[Given information Boundary: Start]

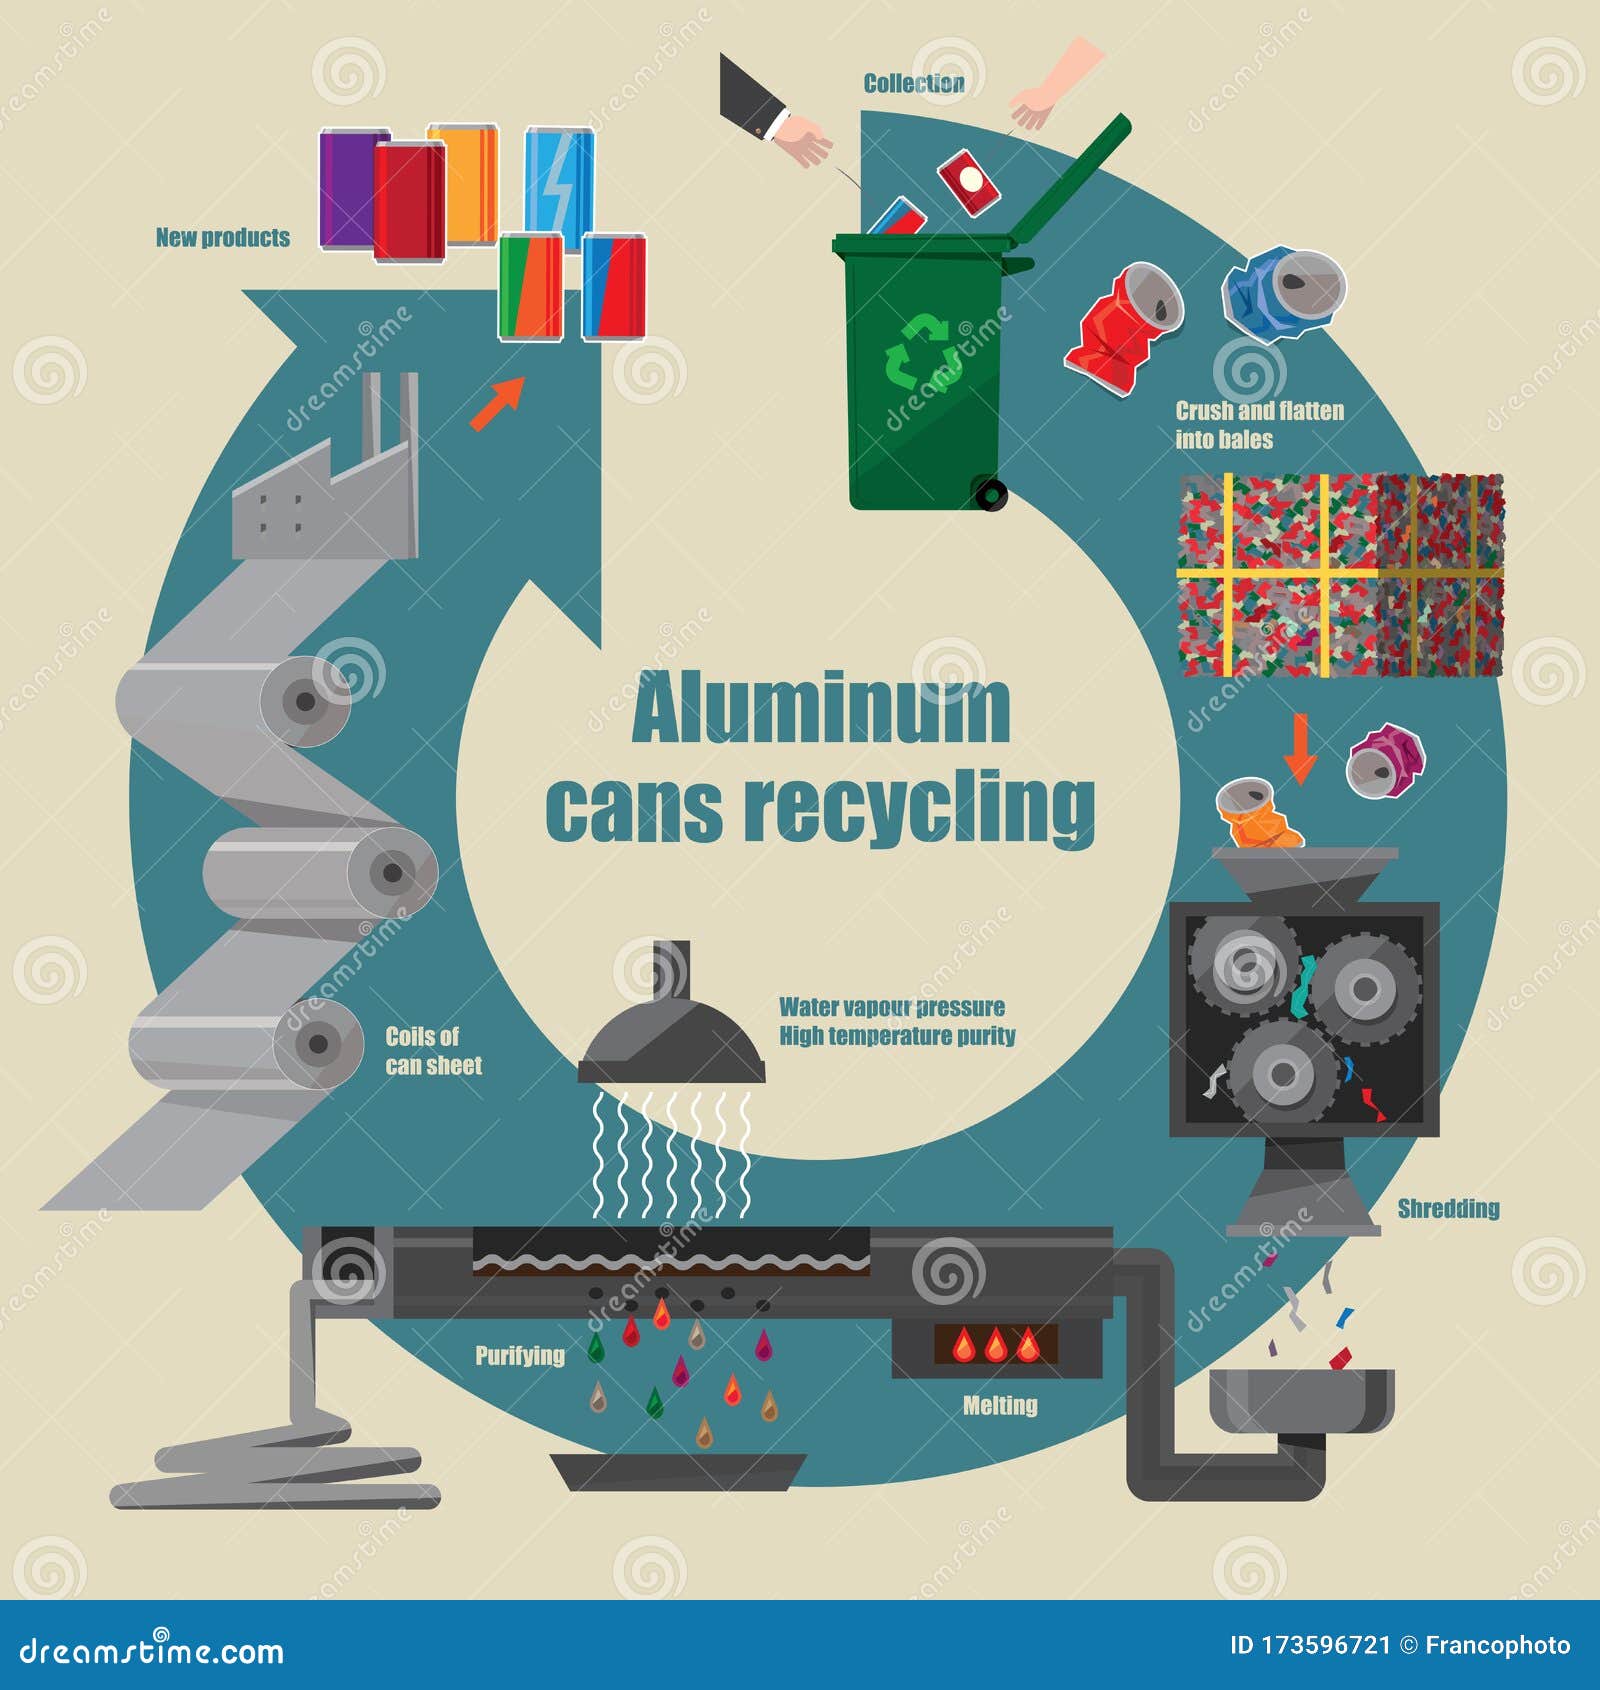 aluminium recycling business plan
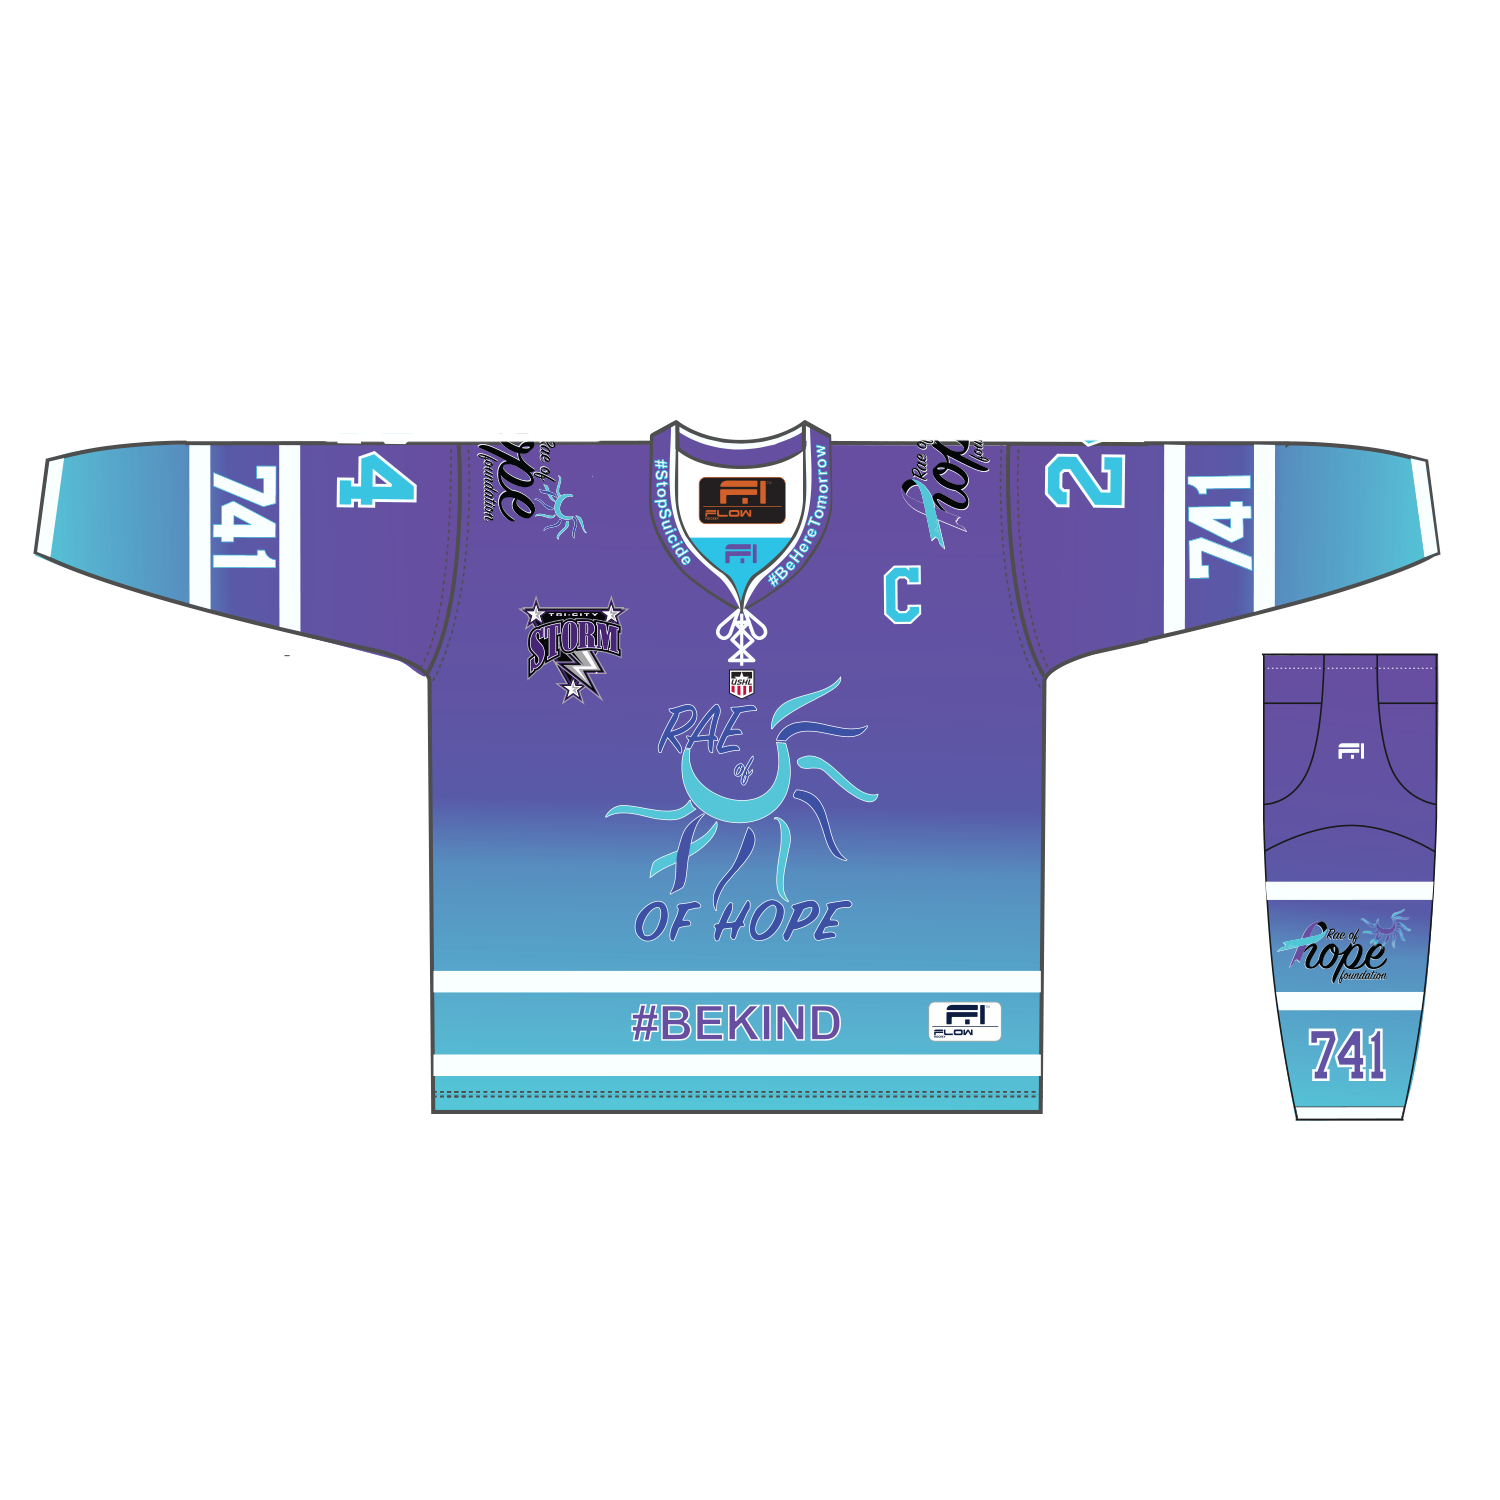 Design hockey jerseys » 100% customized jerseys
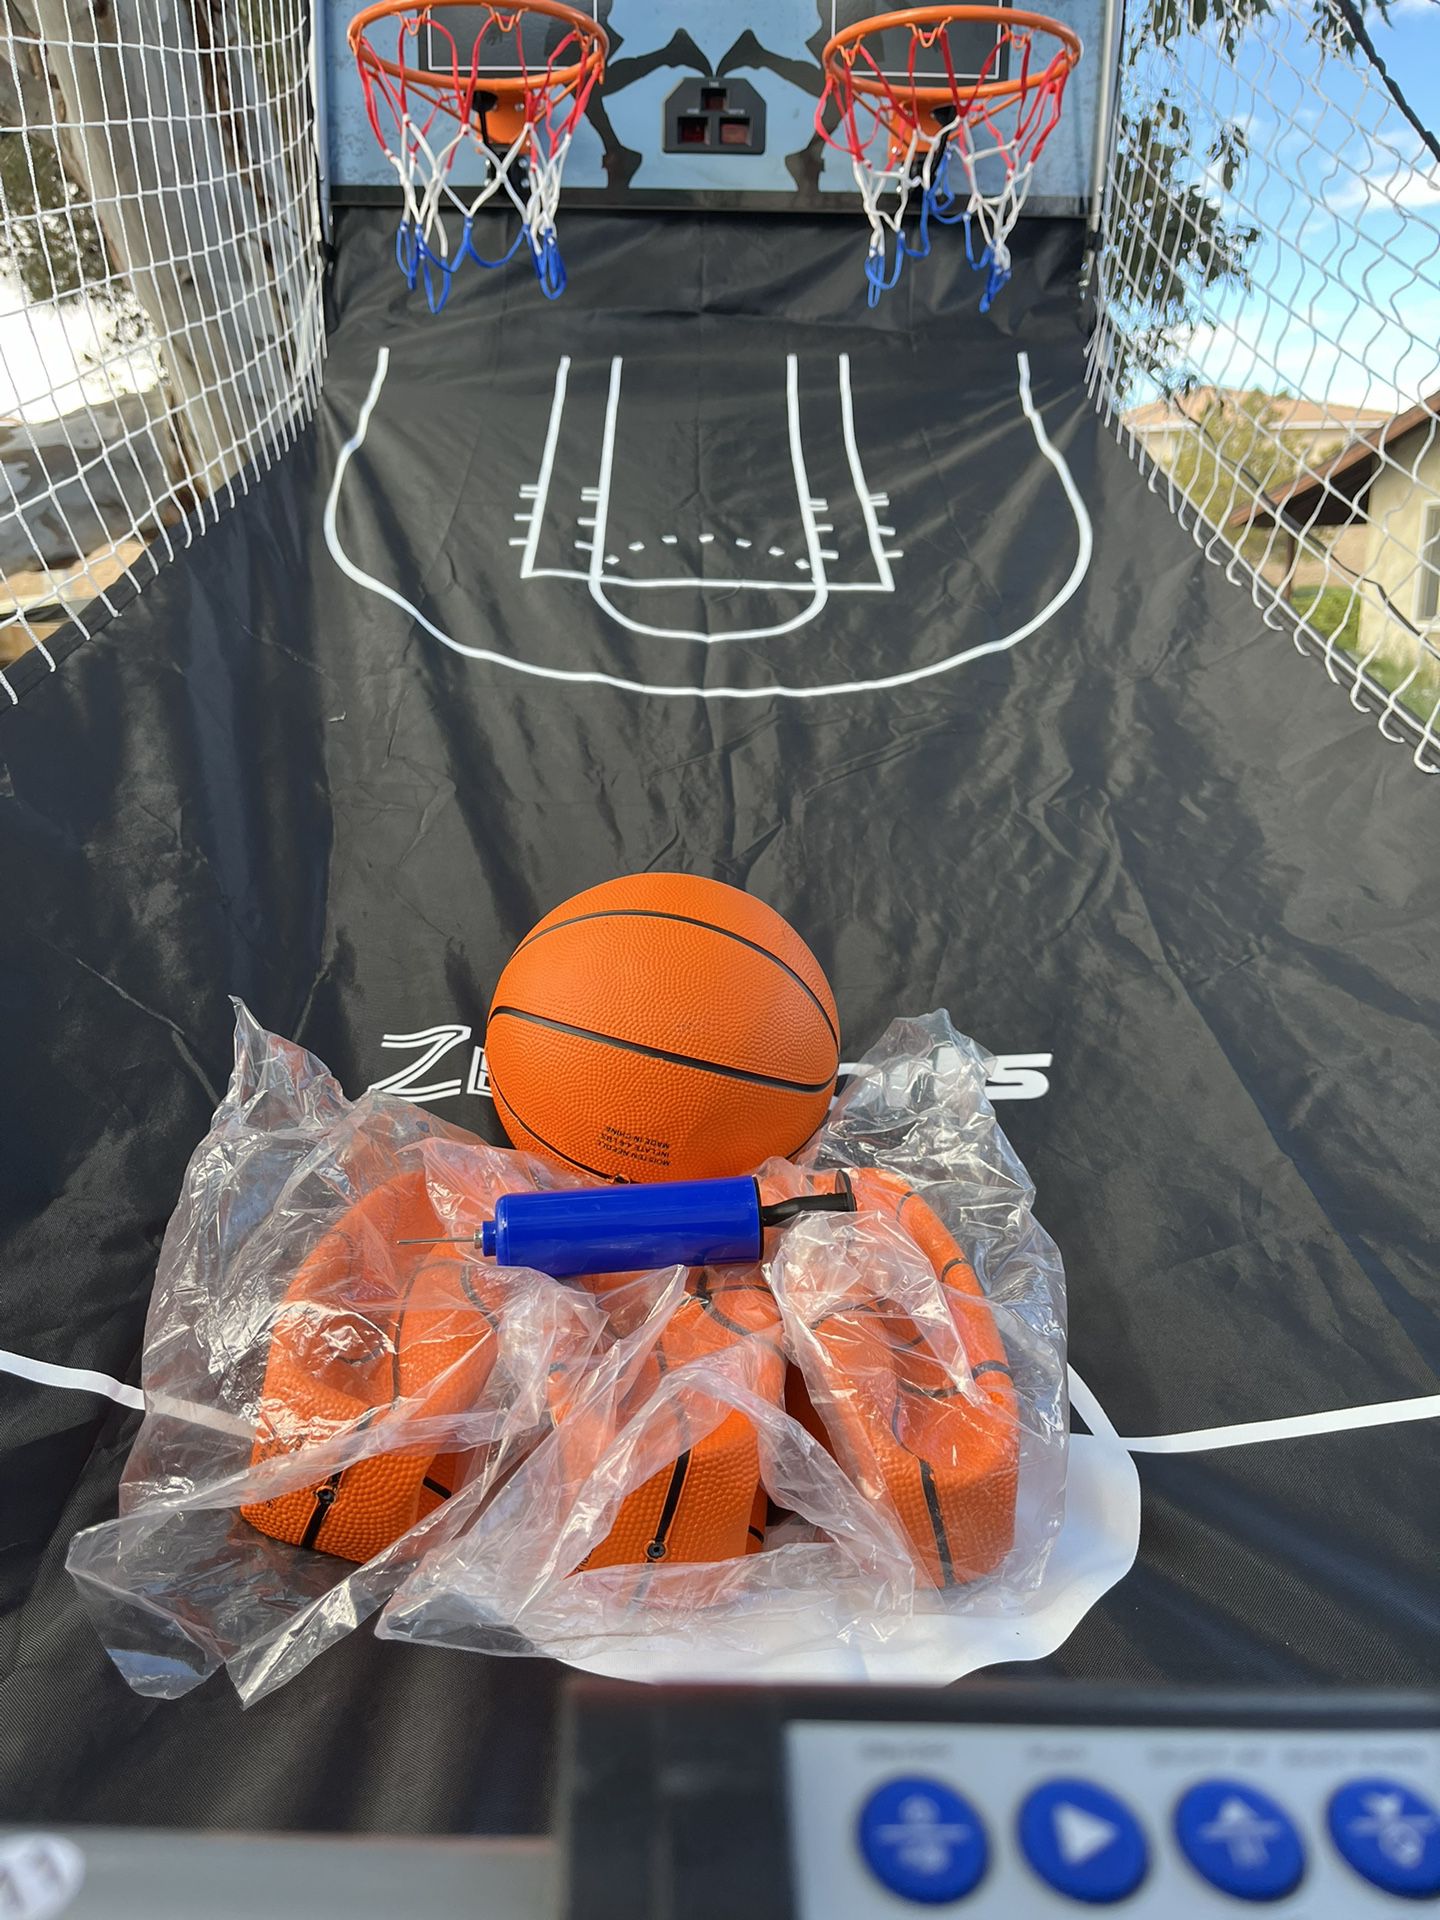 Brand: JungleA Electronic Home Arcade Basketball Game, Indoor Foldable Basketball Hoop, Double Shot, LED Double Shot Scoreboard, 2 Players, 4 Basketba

[Given information Boundary: End]

What you should do: Please give back the data above word for word, with no pictures included.

Response box:
 aluminium recycling business plan
 Design hockey jerseys » 100% customized jerseys
 Brand: JungleA Electronic Home Arcade Basketball Game, Indoor Foldable Basketball Hoop, Double Shot, LED Double Shot Scoreboard, 2 Players, 4 Basketba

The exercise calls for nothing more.